- Recorded information:
====================

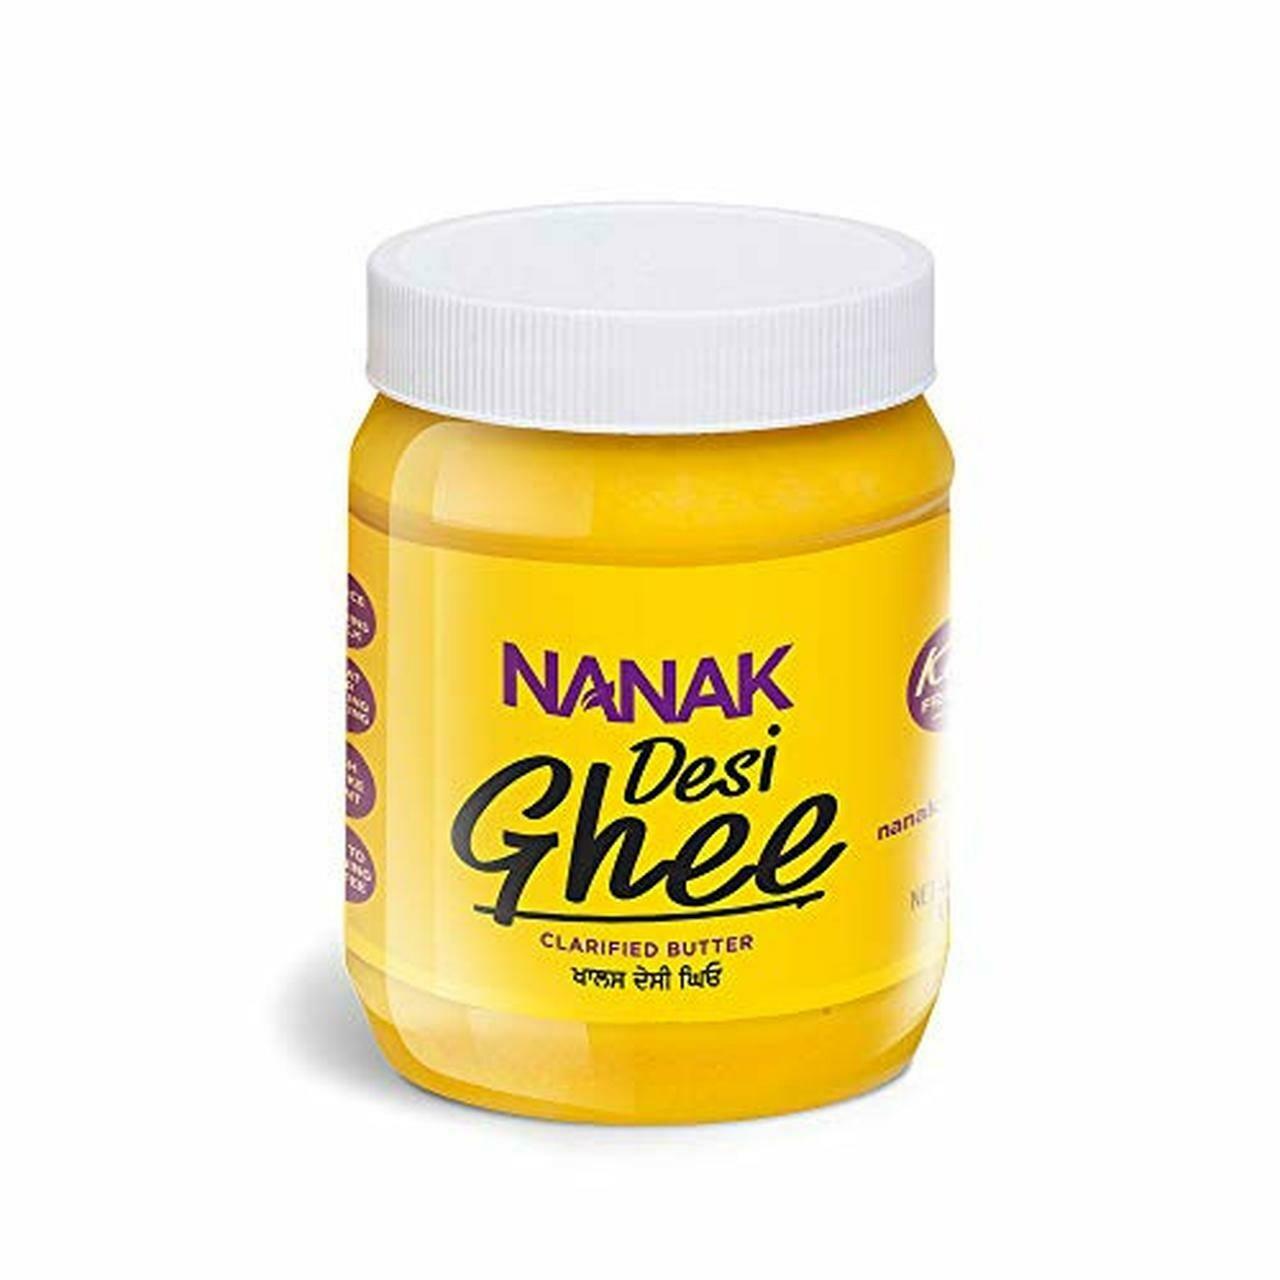 DESI GHEE PURE NANAK 400G
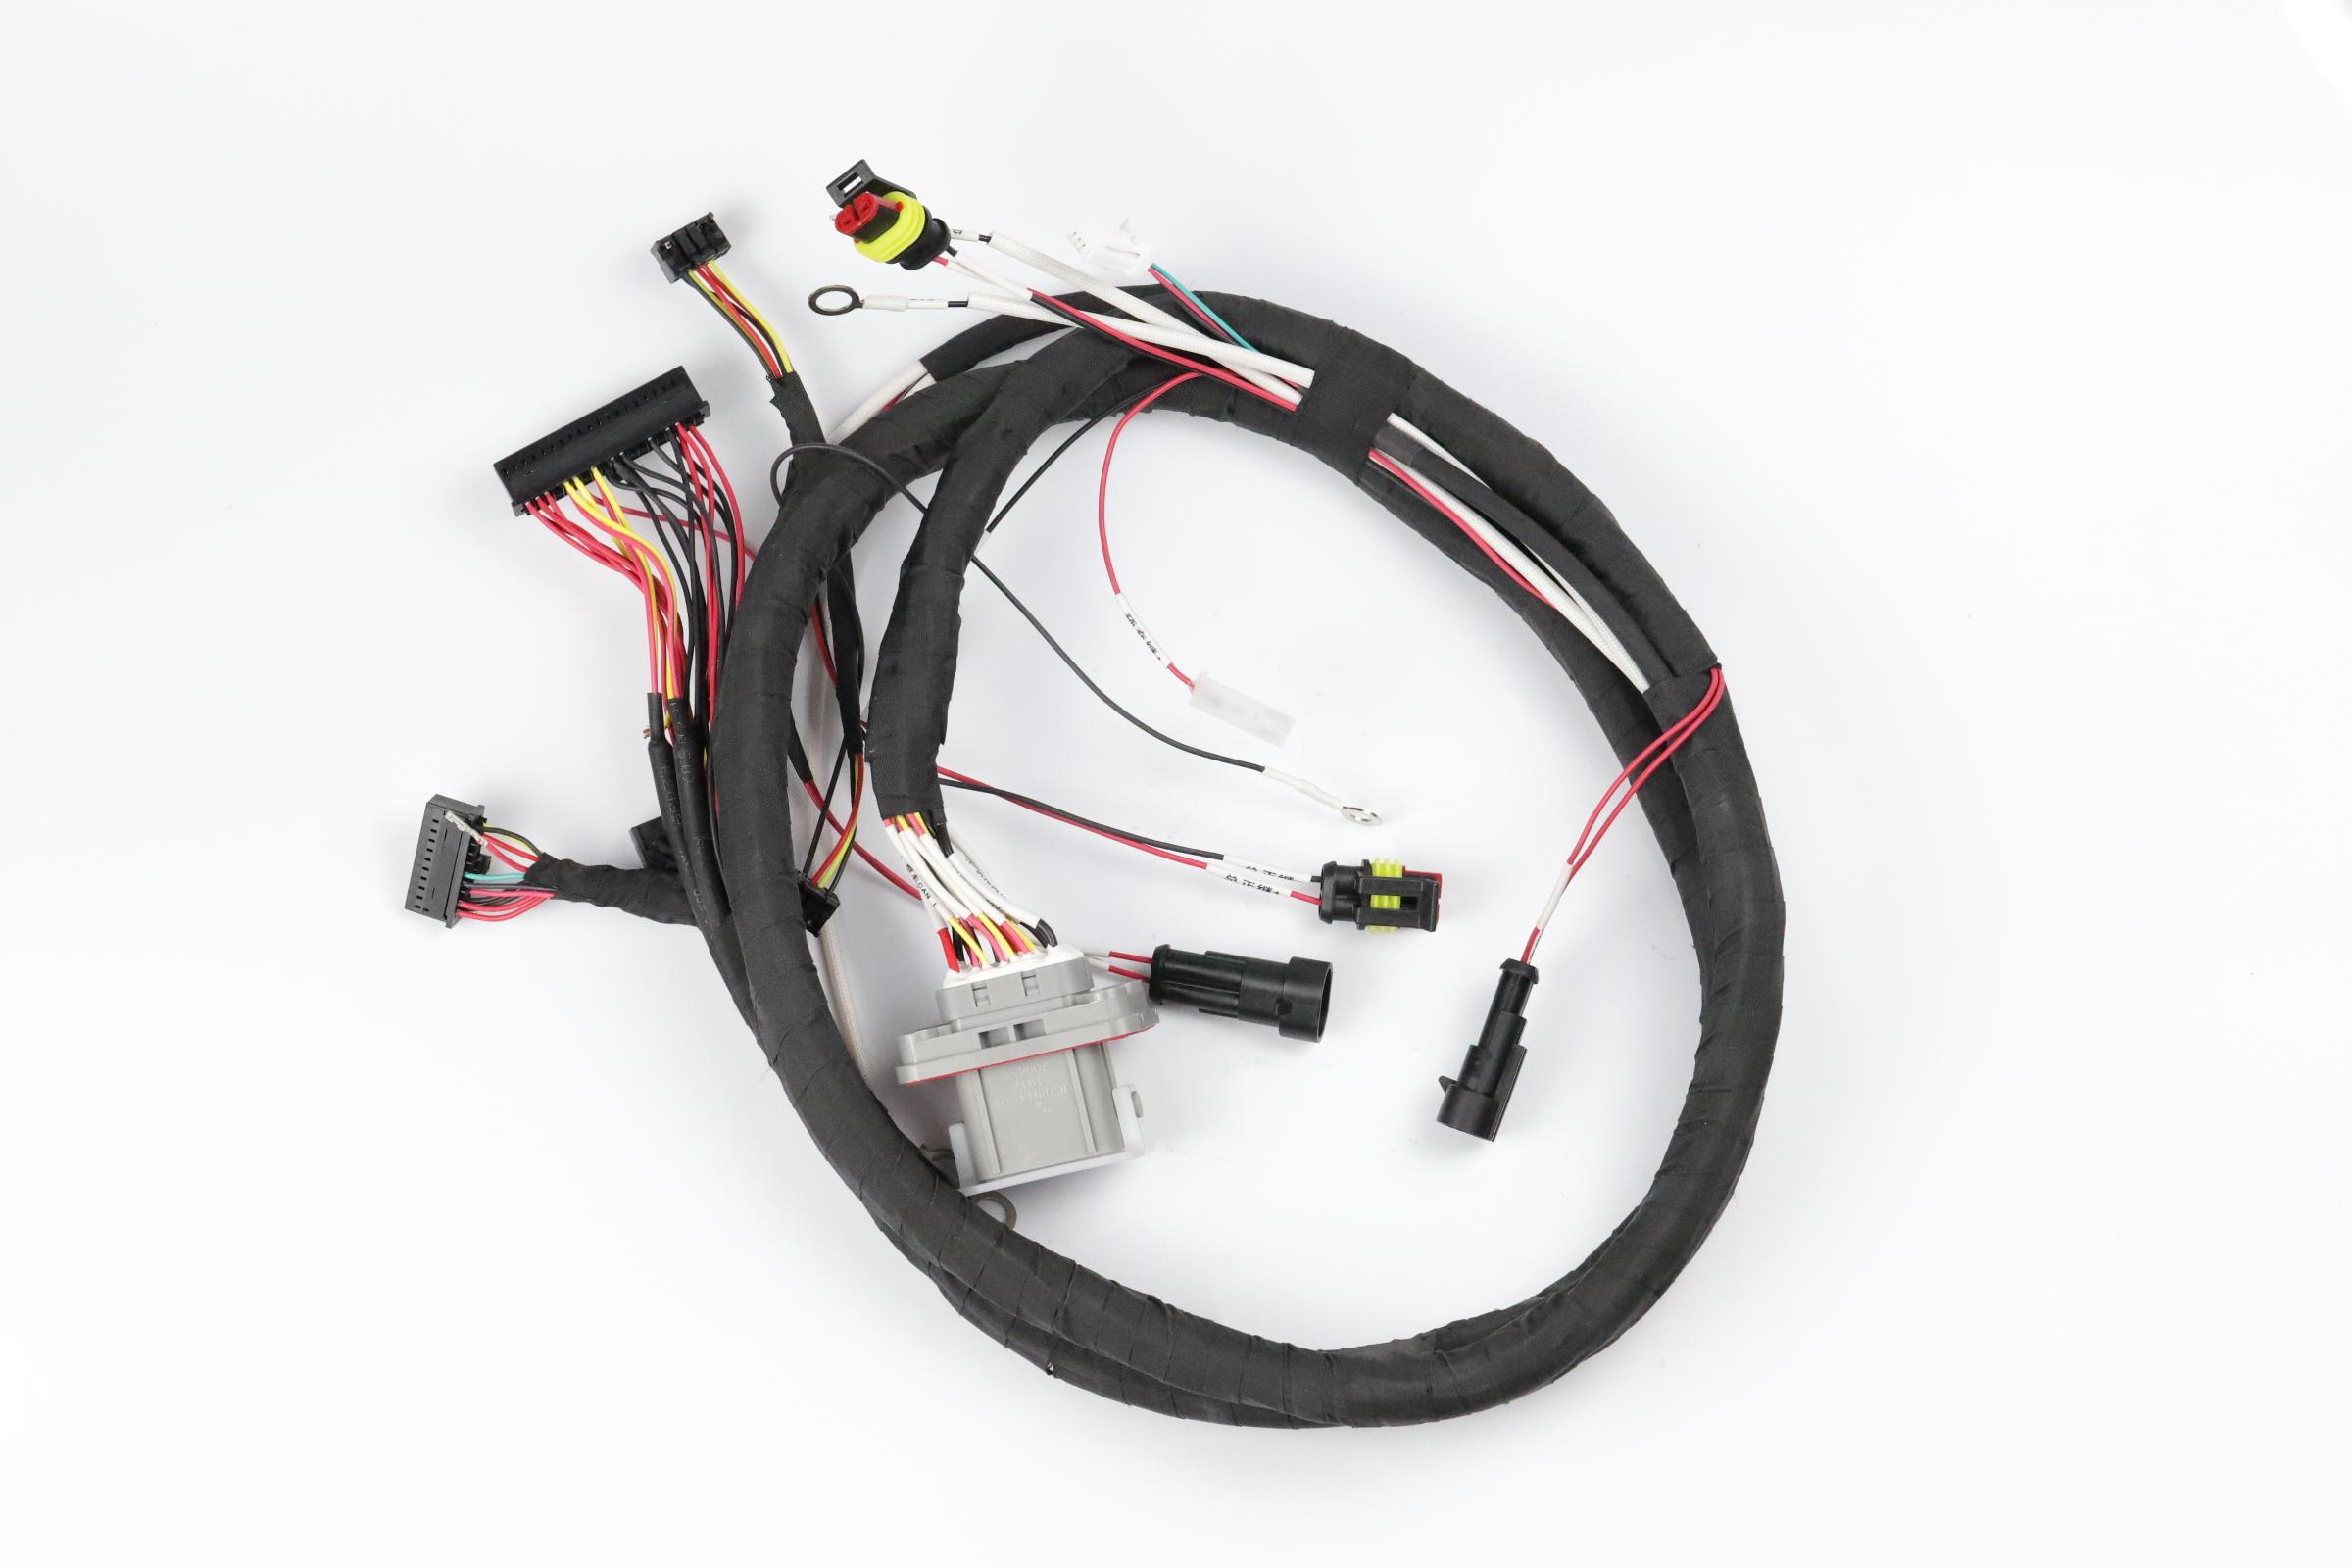 RCD-MC791 电动汽车箱低压线束 汽车线束定制加工生产厂家
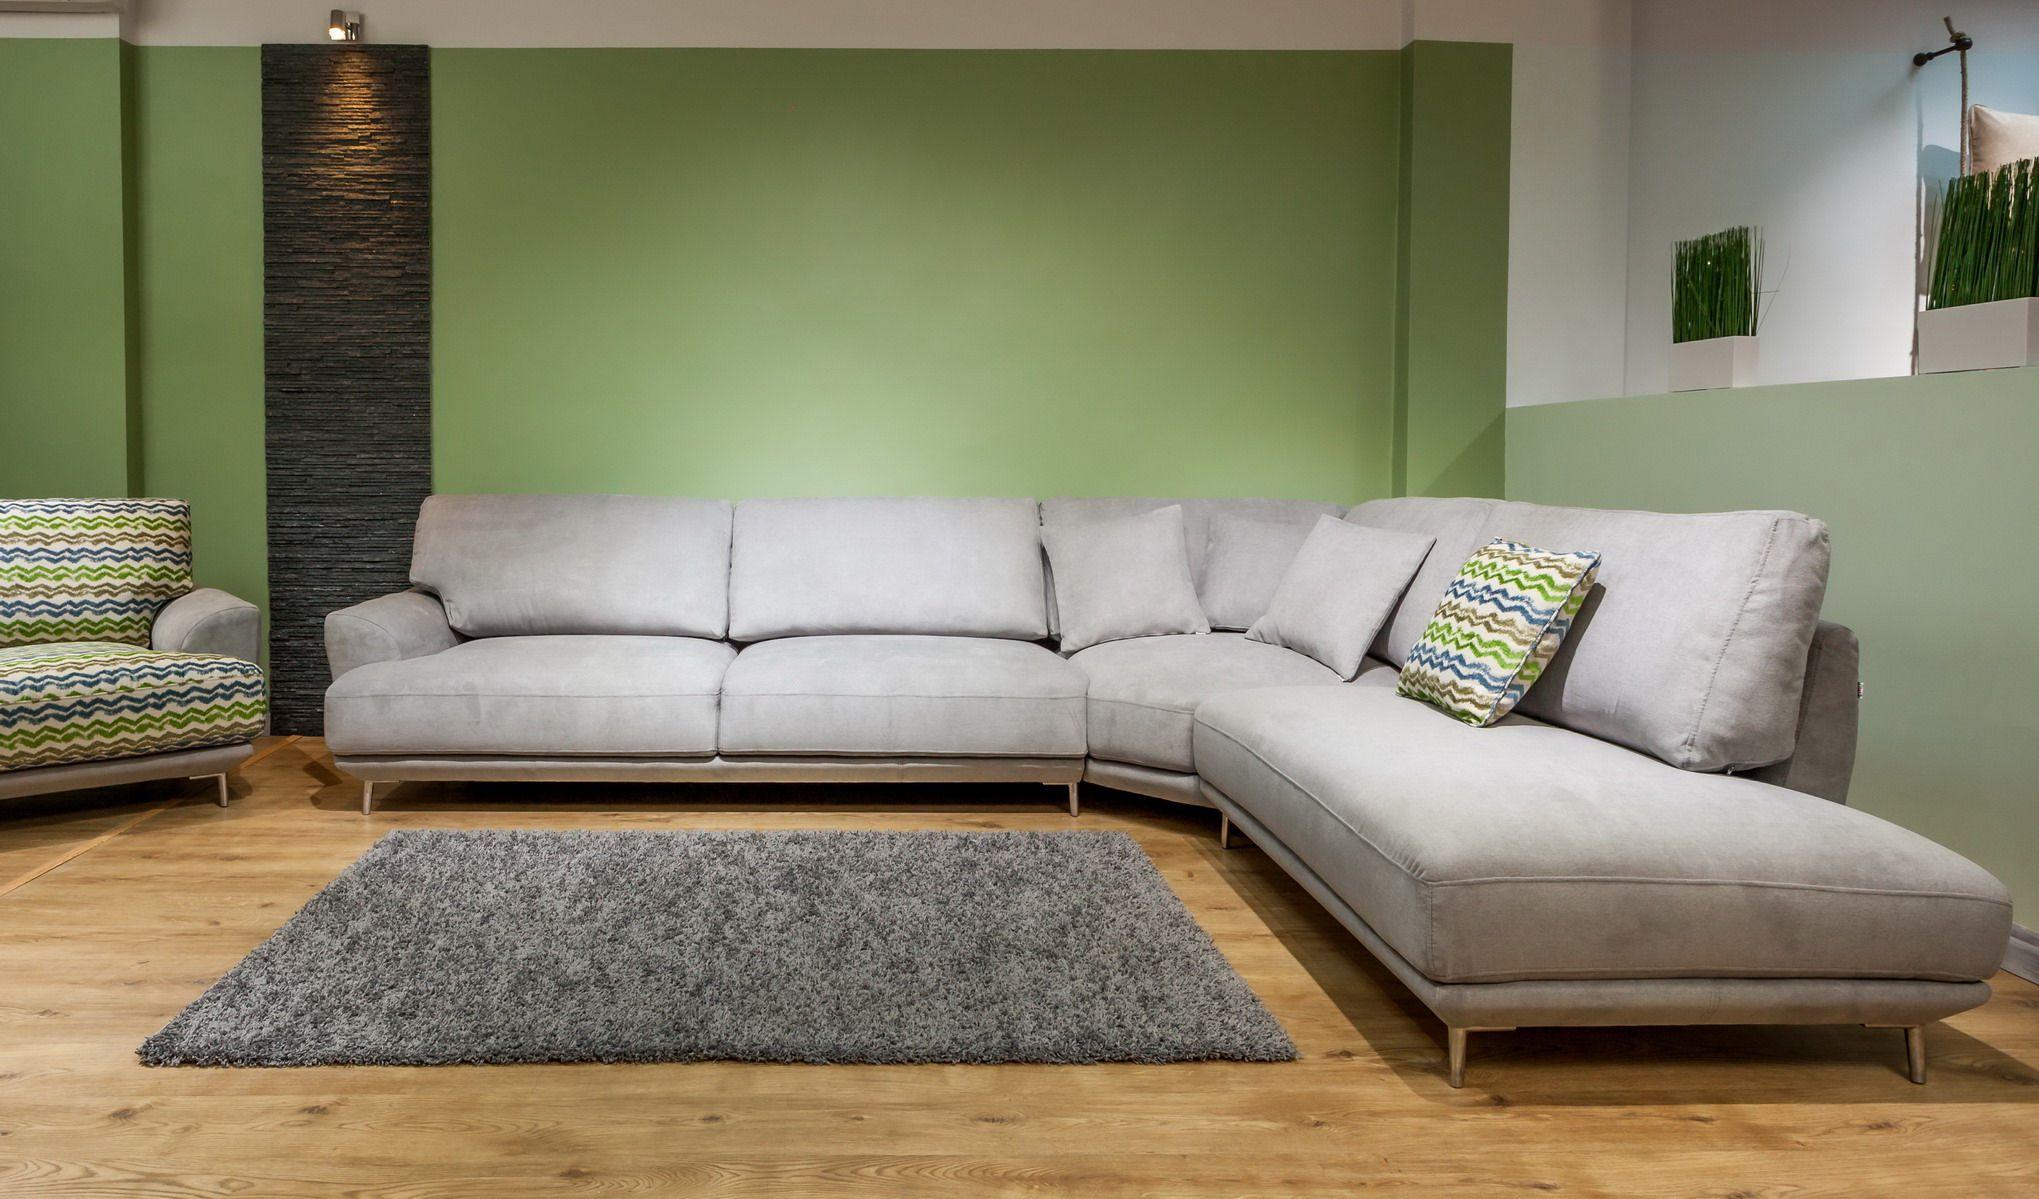 Coltar Rosario Home Living room Pinterest

====================

- Task brief:
Repeat the data above word for word, without pictures.

- Finished exercise:
 DESI GHEE PURE NANAK 400G
 RCD-MC791 电动汽车箱低压线束 汽车线束定制加工生产厂家
 Coltar Rosario Home Living room Pinterest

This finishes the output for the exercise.